Your answer must be an exact transcription of the data, with every picture omitted.
=== Begin Enclosure ===
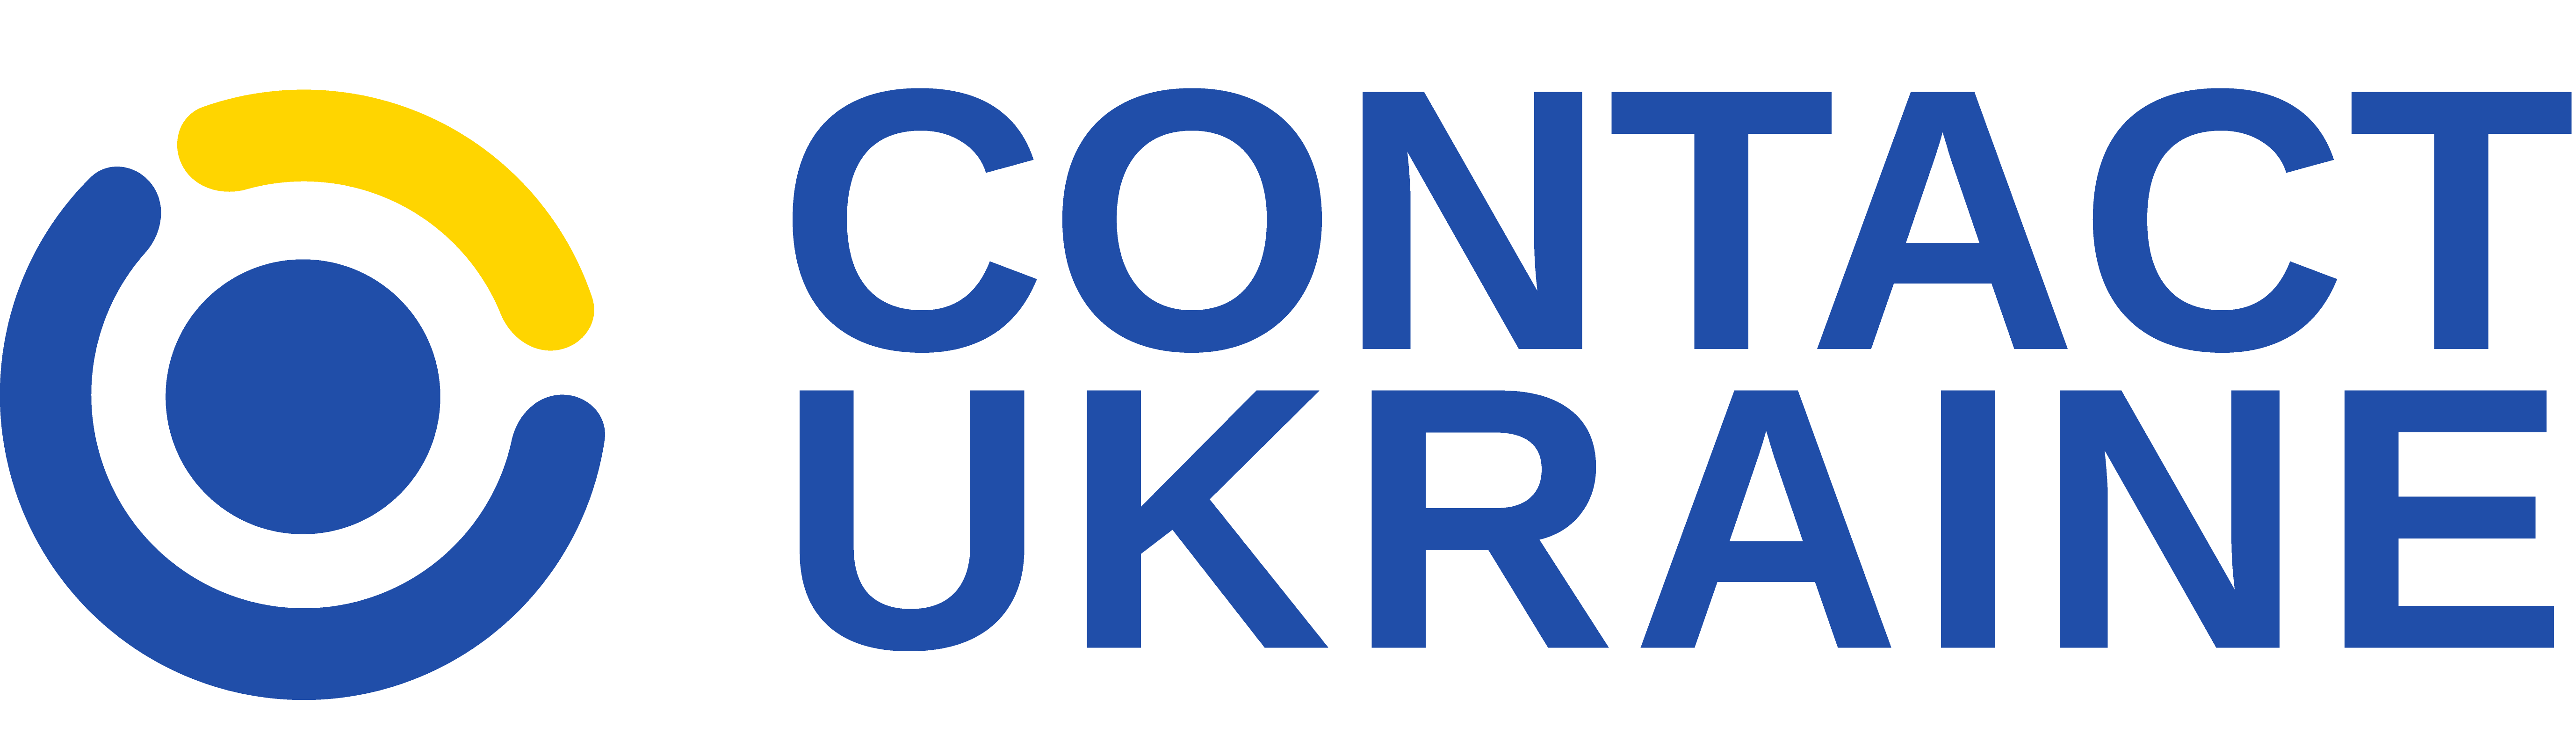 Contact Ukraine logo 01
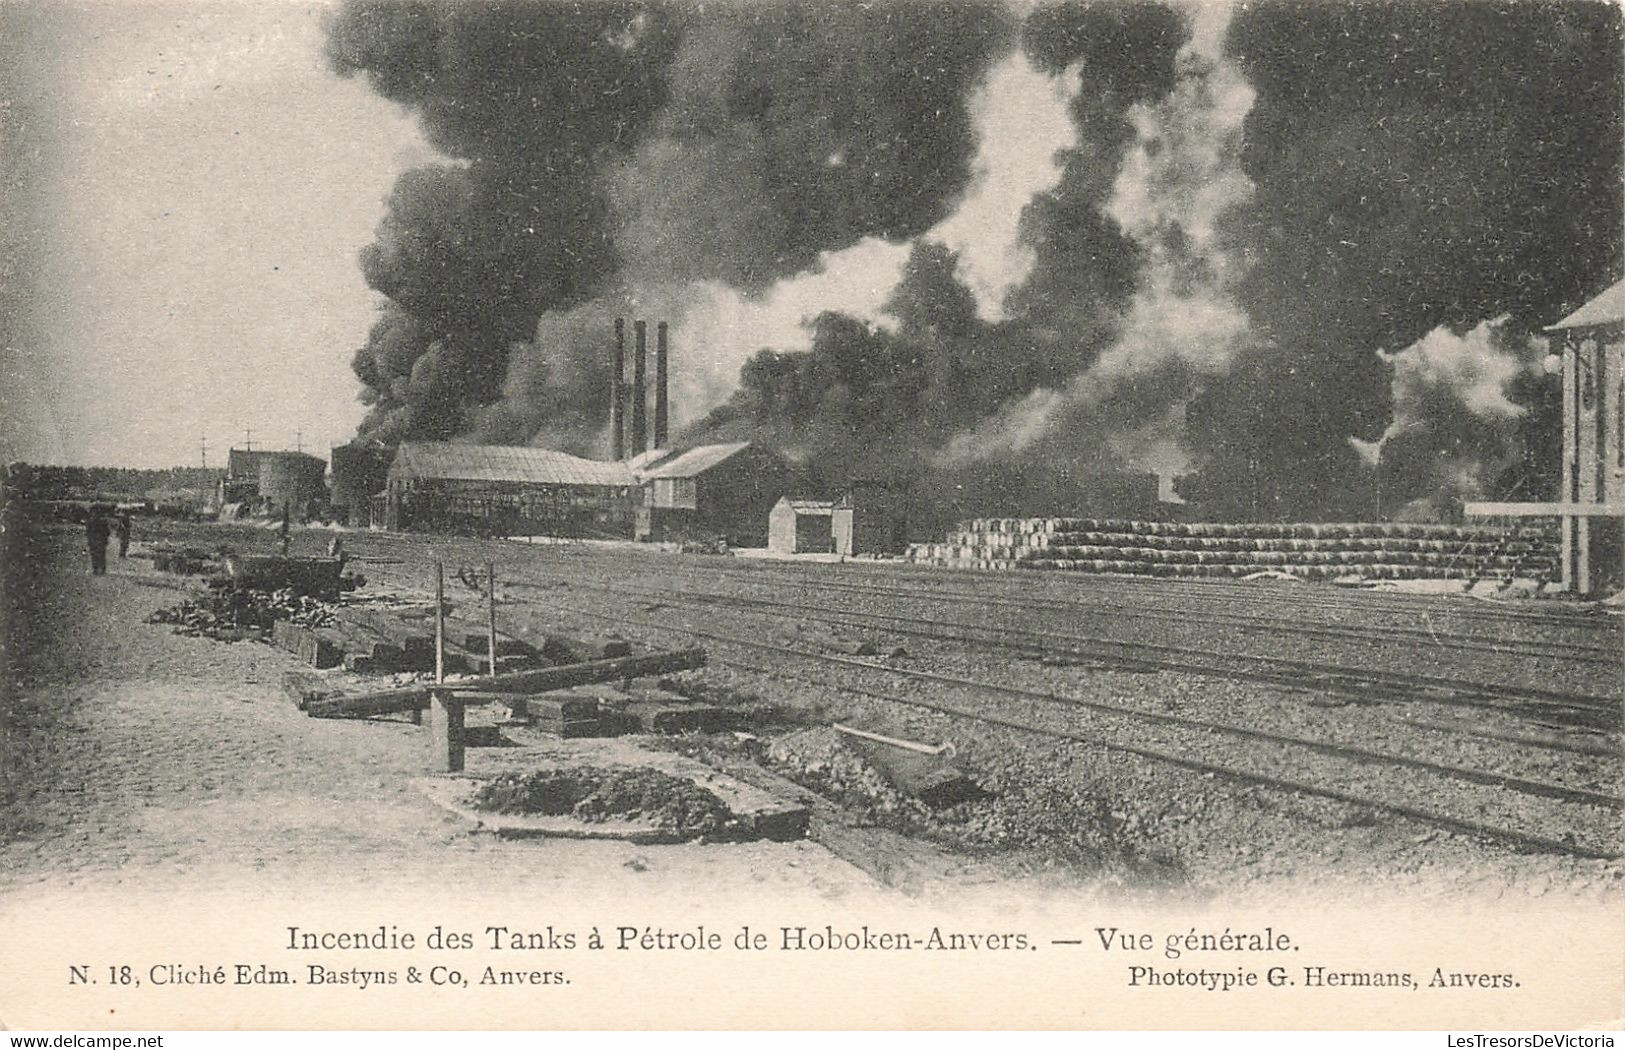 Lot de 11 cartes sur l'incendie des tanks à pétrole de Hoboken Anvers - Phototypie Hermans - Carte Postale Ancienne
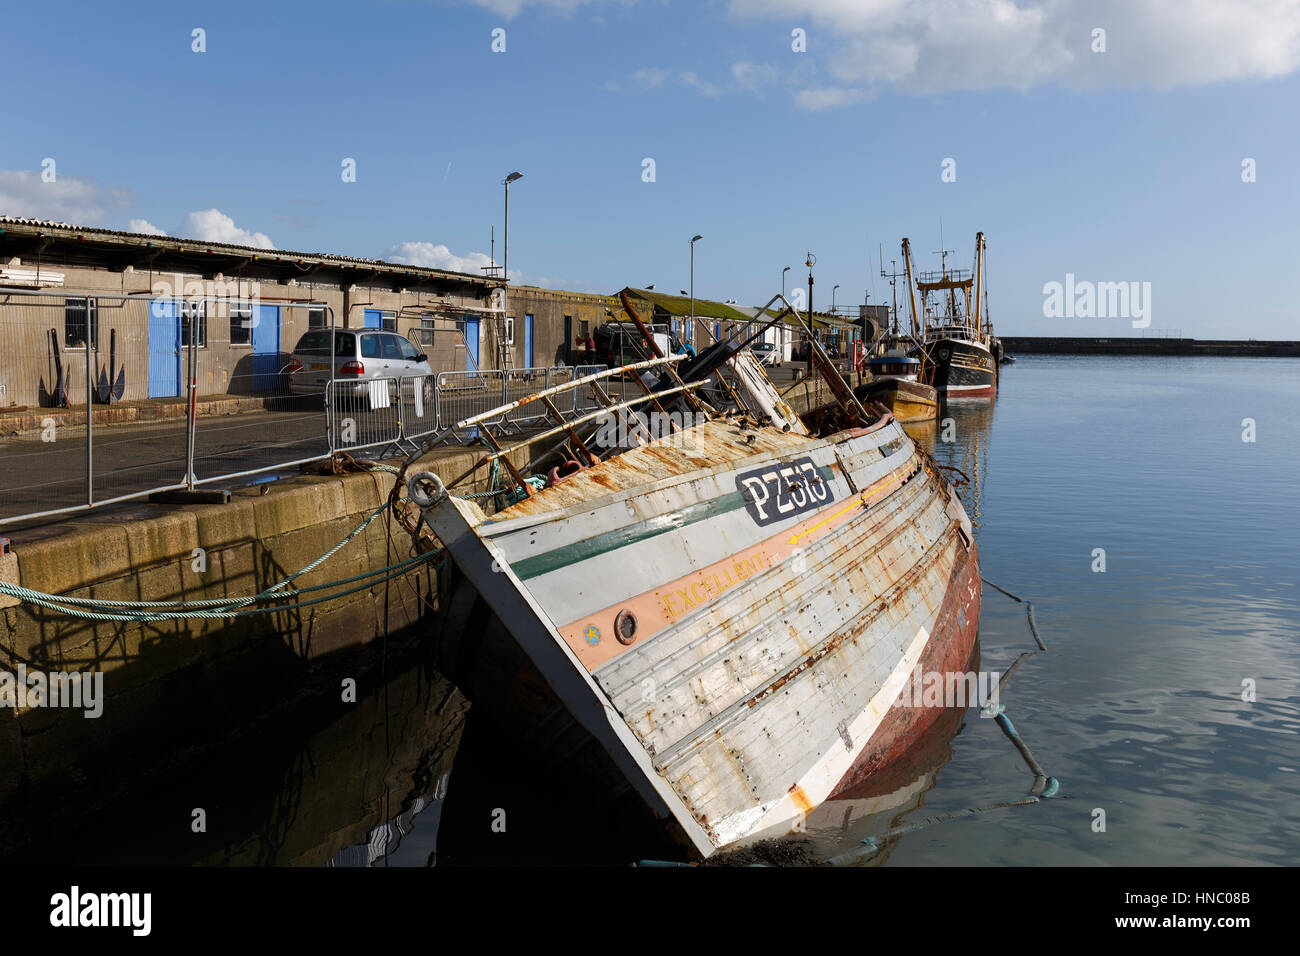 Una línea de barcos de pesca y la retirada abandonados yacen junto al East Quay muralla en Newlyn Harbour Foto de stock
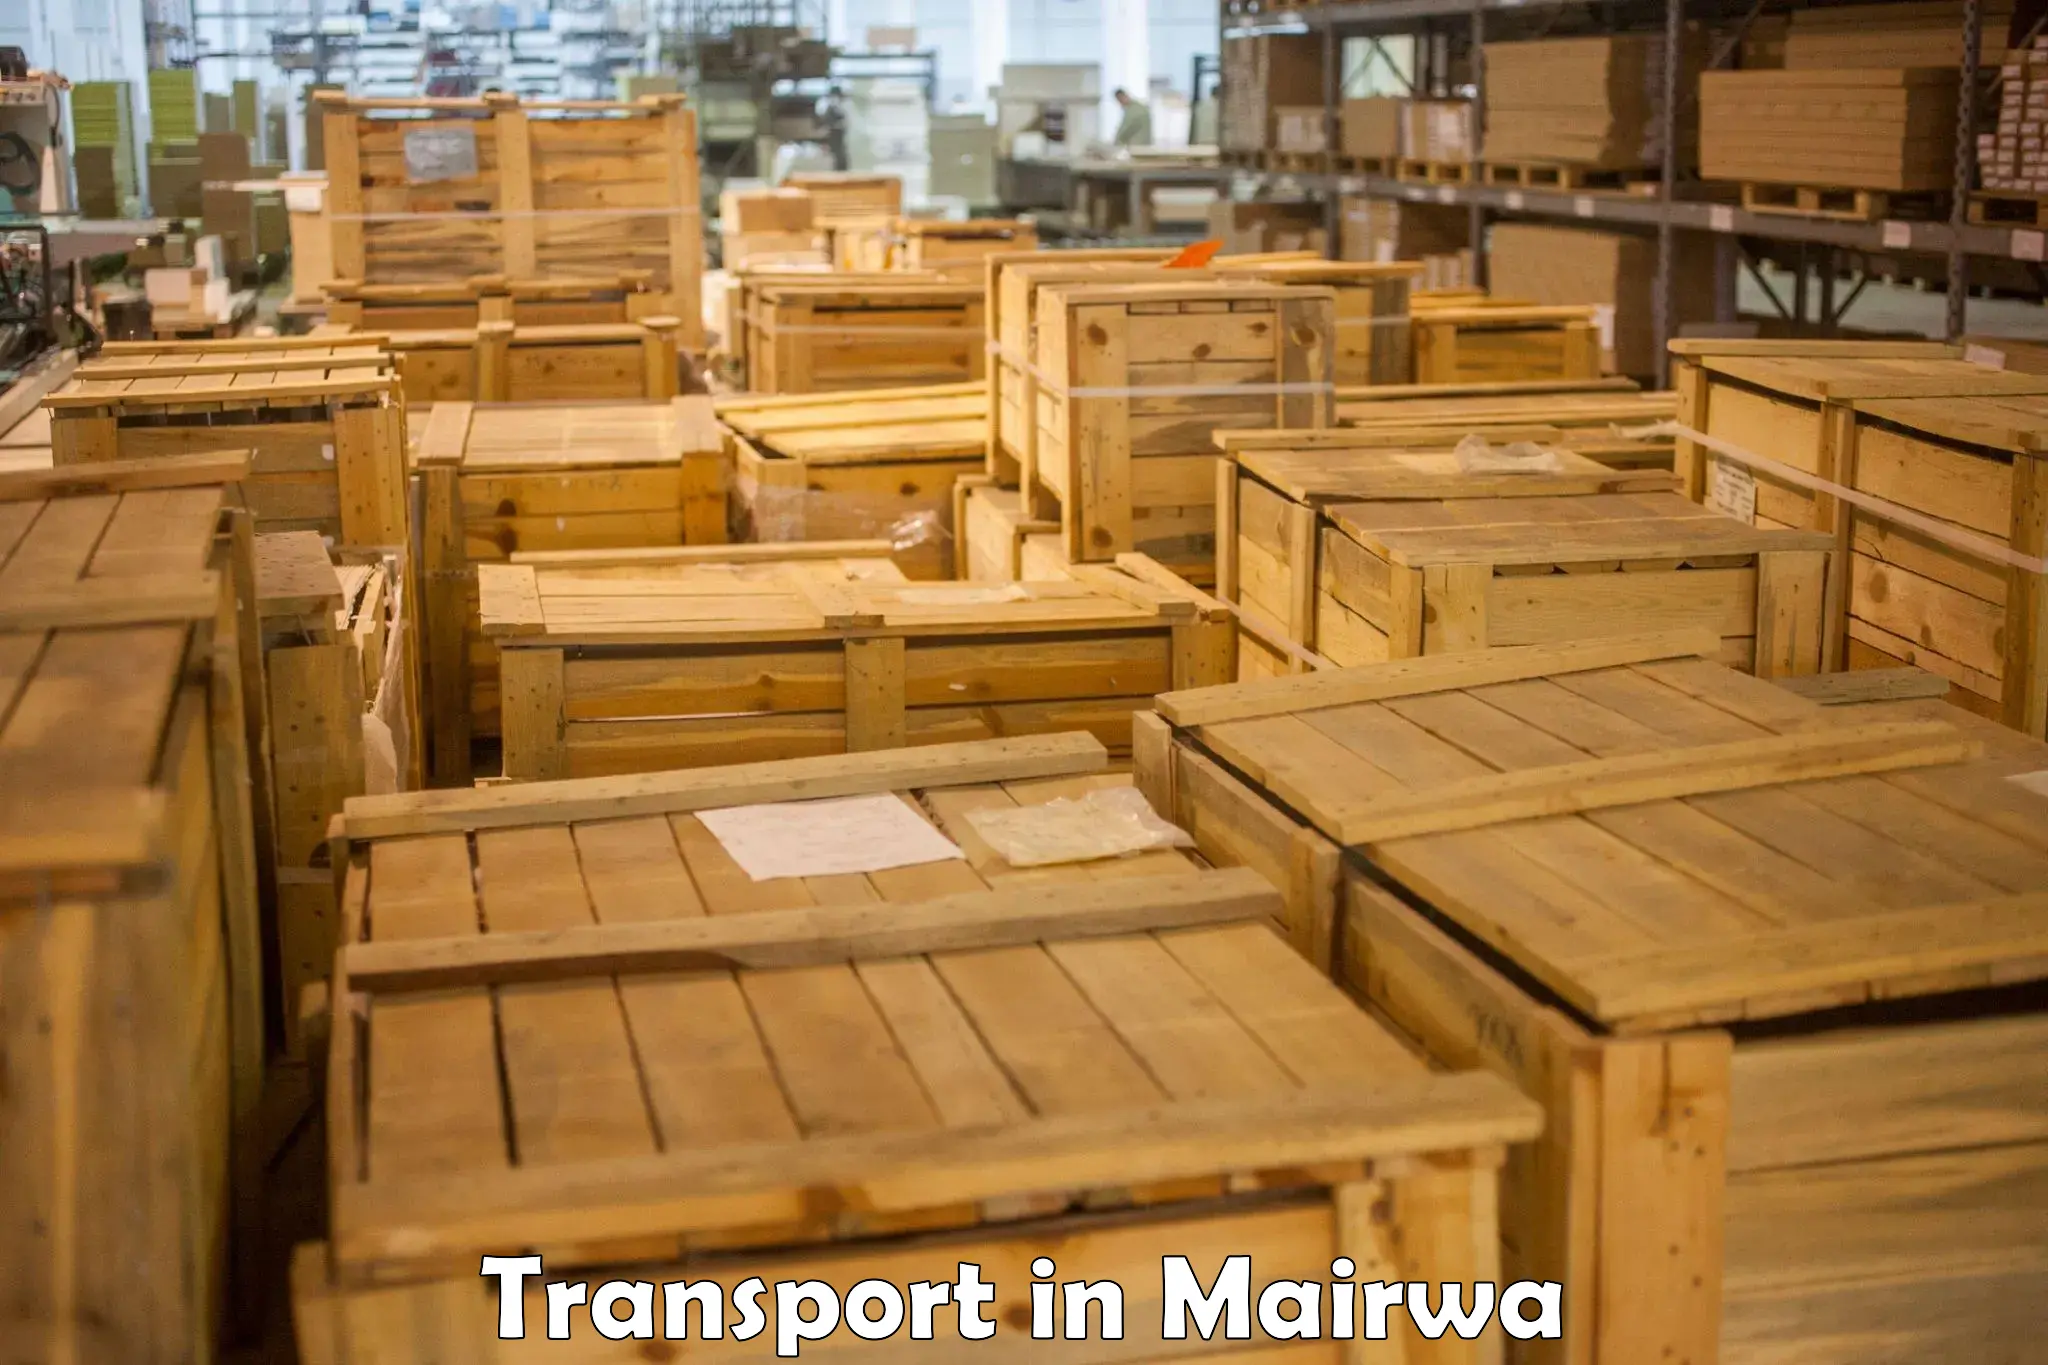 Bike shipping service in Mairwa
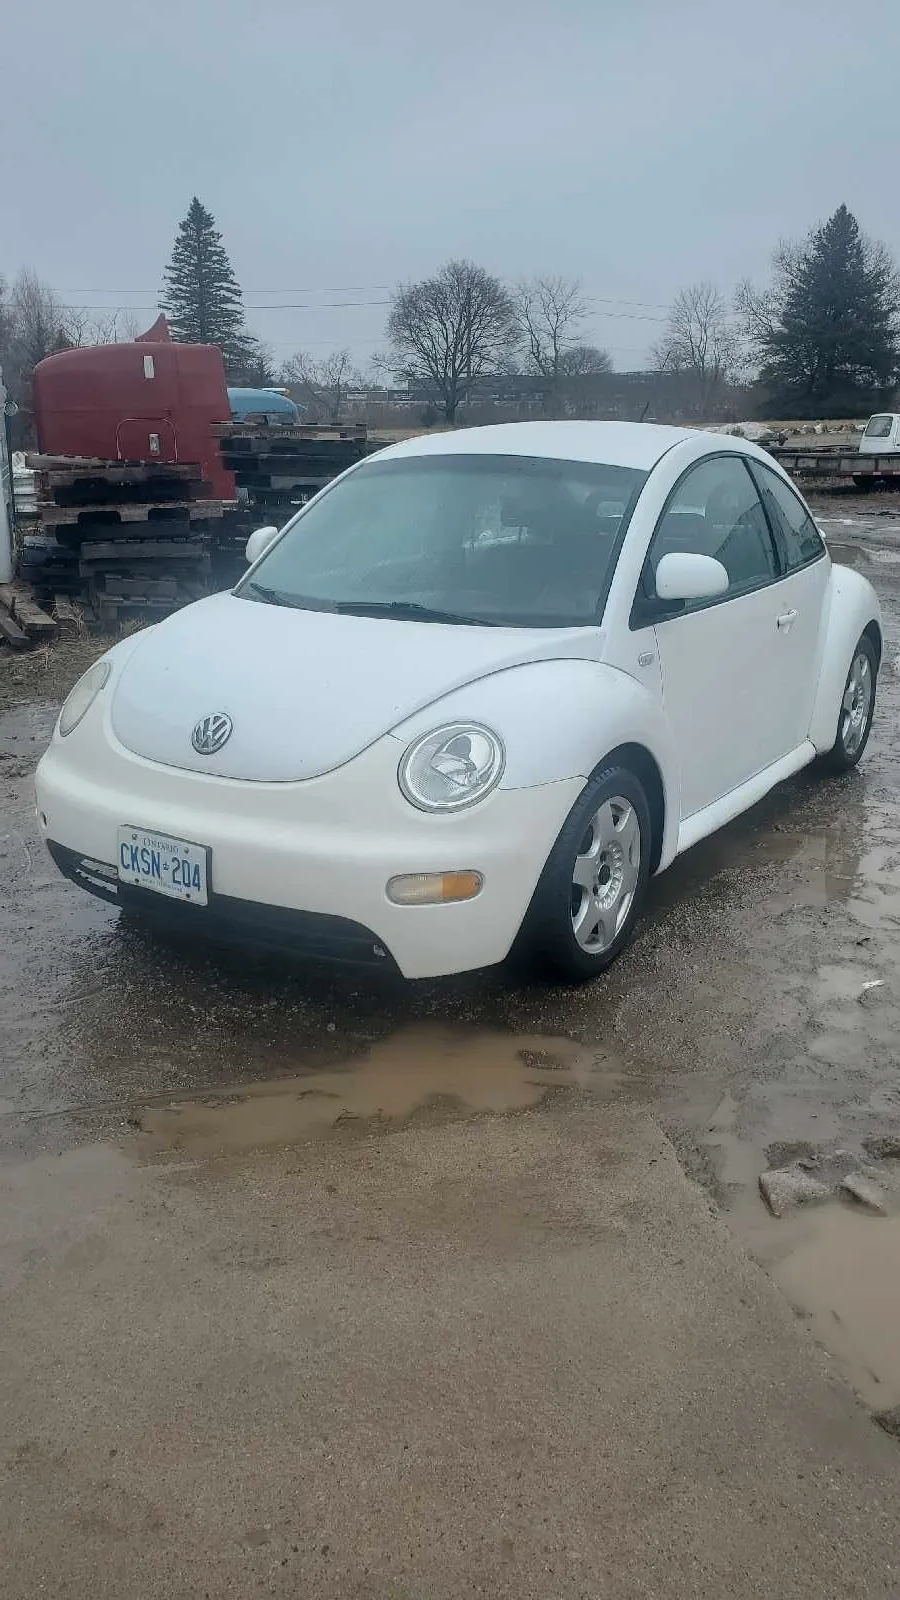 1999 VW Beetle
=== End Enclosure ===
#### [Expected answer]
 Contact Ukraine logo 01
 Lot de 11 cartes sur l'incendie des tanks à pétrole de Hoboken Anvers - Phototypie Hermans - Carte Postale Ancienne
 Una línea de barcos de pesca y la retirada abandonados yacen junto al East Quay muralla en Newlyn Harbour Foto de stock
 Bike shipping service in Mairwa
 1999 VW Beetle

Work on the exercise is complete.